**YOUR TASK:** Could you please transcribe the data exactly, without the pictures?

**DATA EXTRACT:**
● ● ● ● ● ● ●
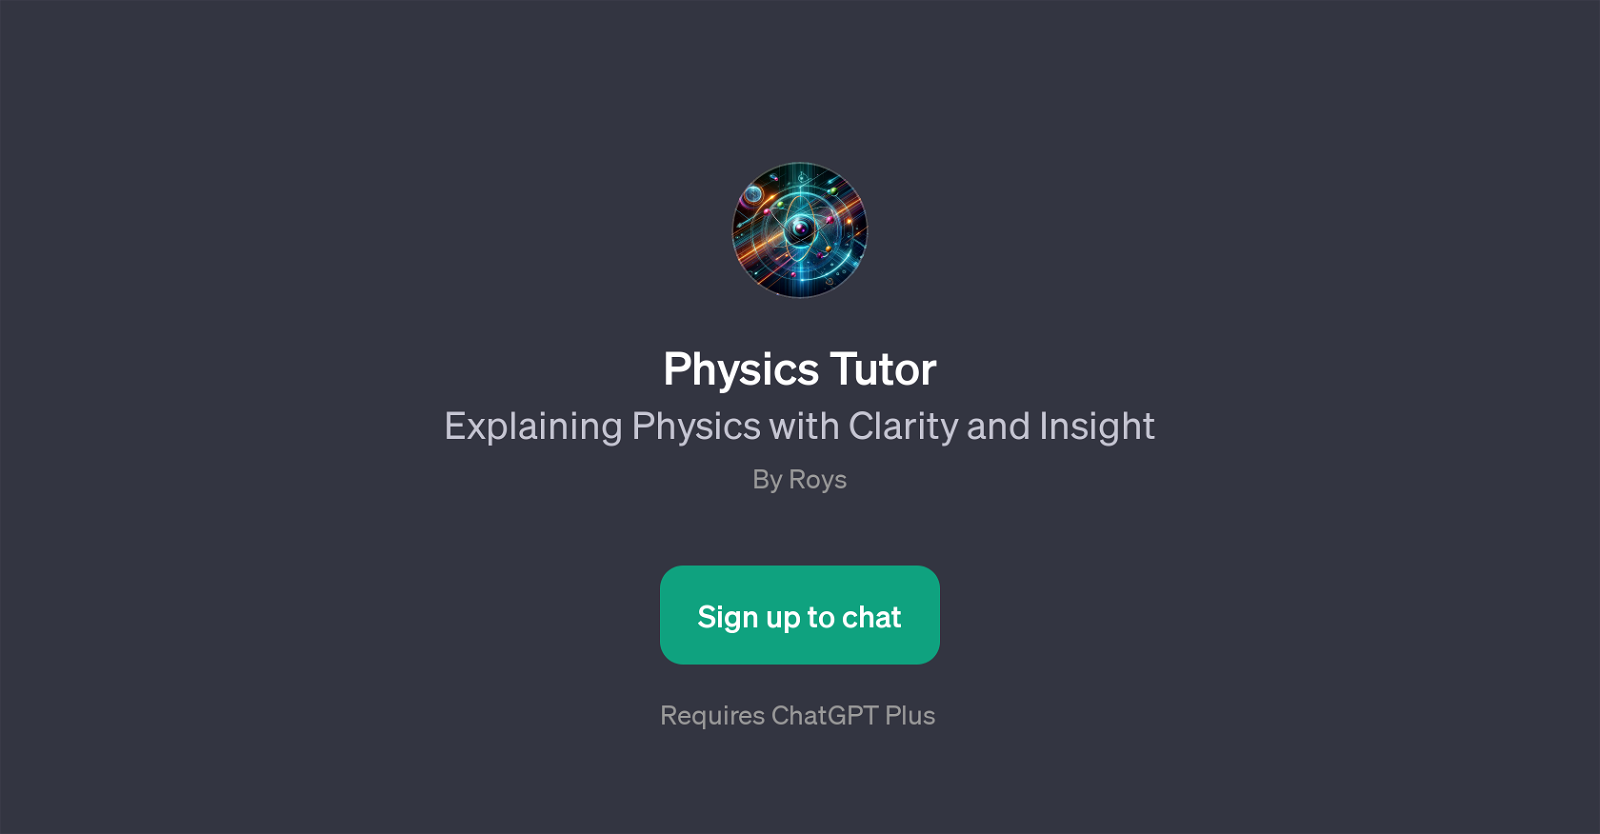 Physics Tutor website
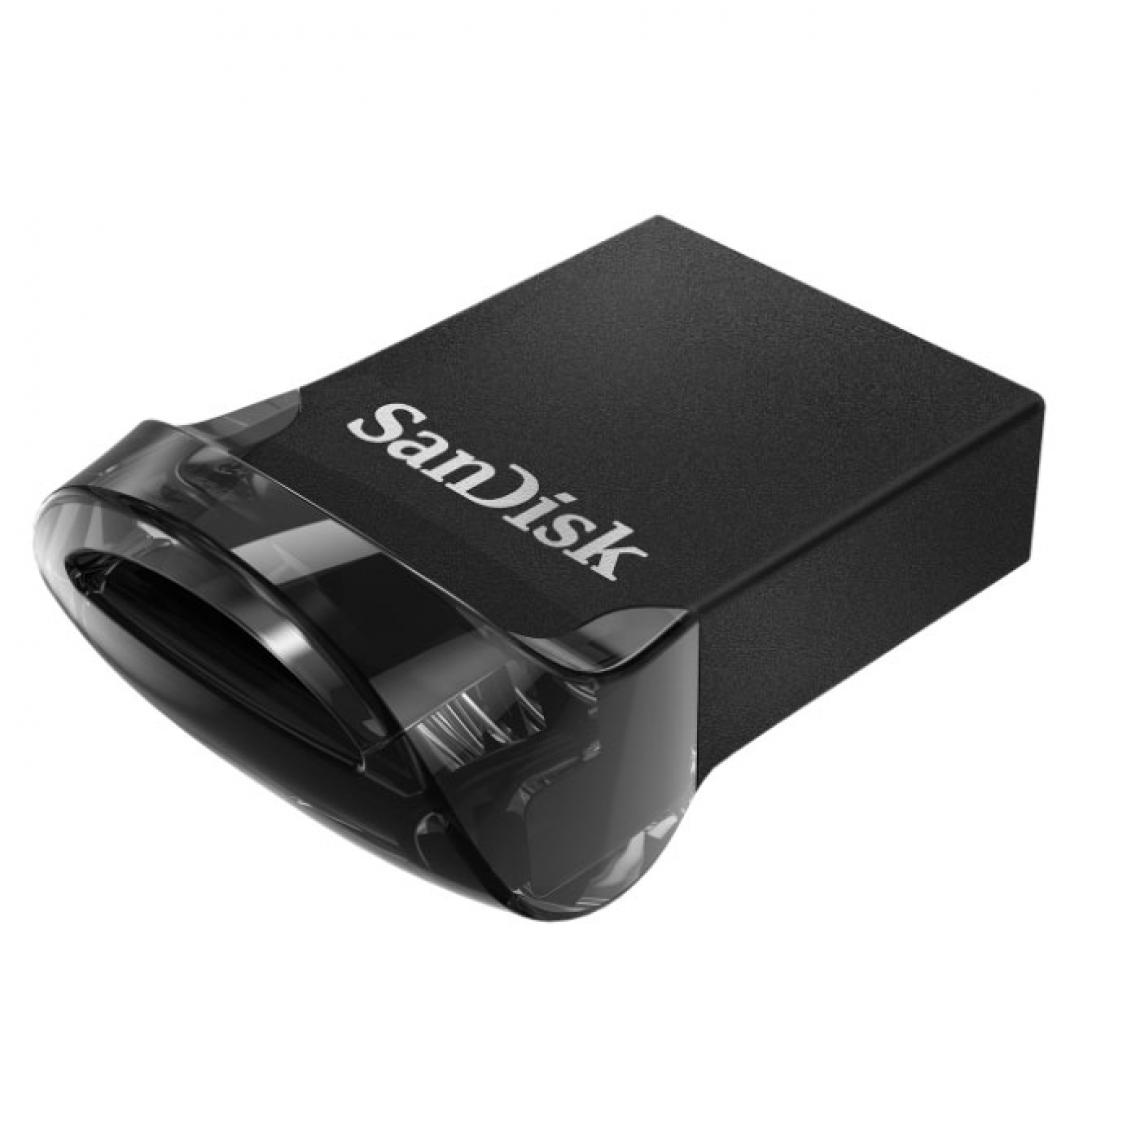 Sandisk - SanDisk Ultra Fit USB 3.0 Flash Drive 512 Go - Clés USB
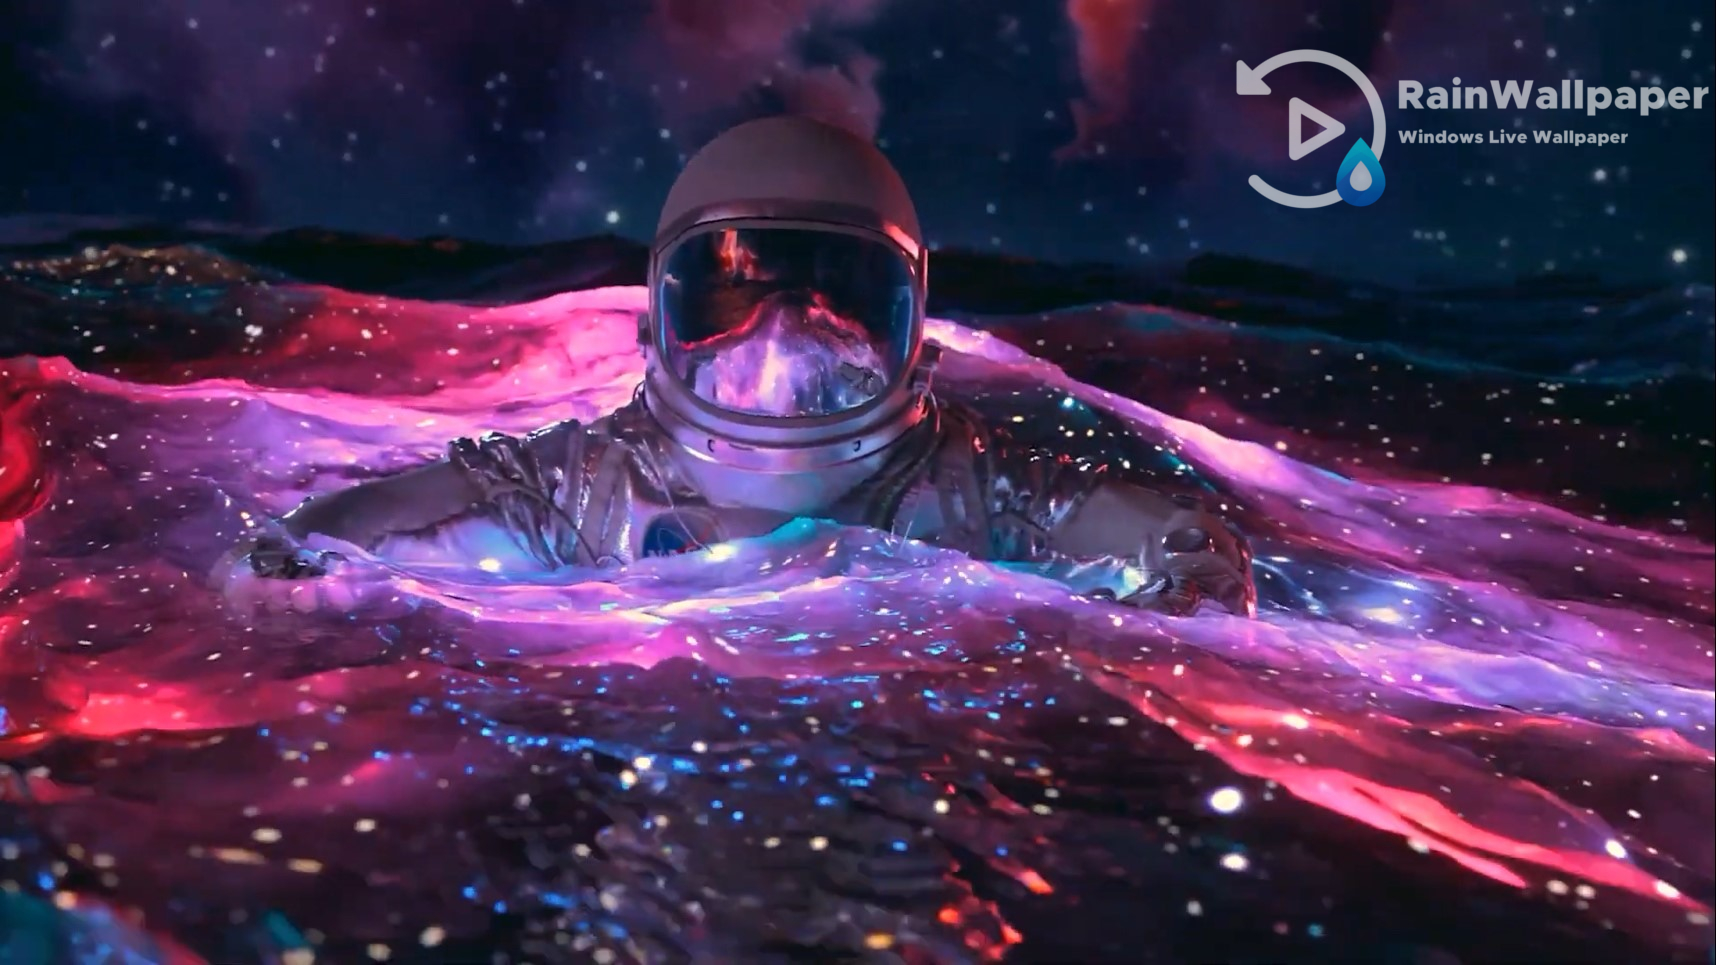 Astronaut In the Ocean Live wallpaper by Jimking on DeviantArt
● ● ● ● ● ● ●
**EXERCISE OUTPUT:**
 Physics Tutor website
 Sandisk - SanDisk Ultra Fit USB 3.0 Flash Drive 512 Go - Clés USB
 Astronaut In the Ocean Live wallpaper by Jimking on DeviantArt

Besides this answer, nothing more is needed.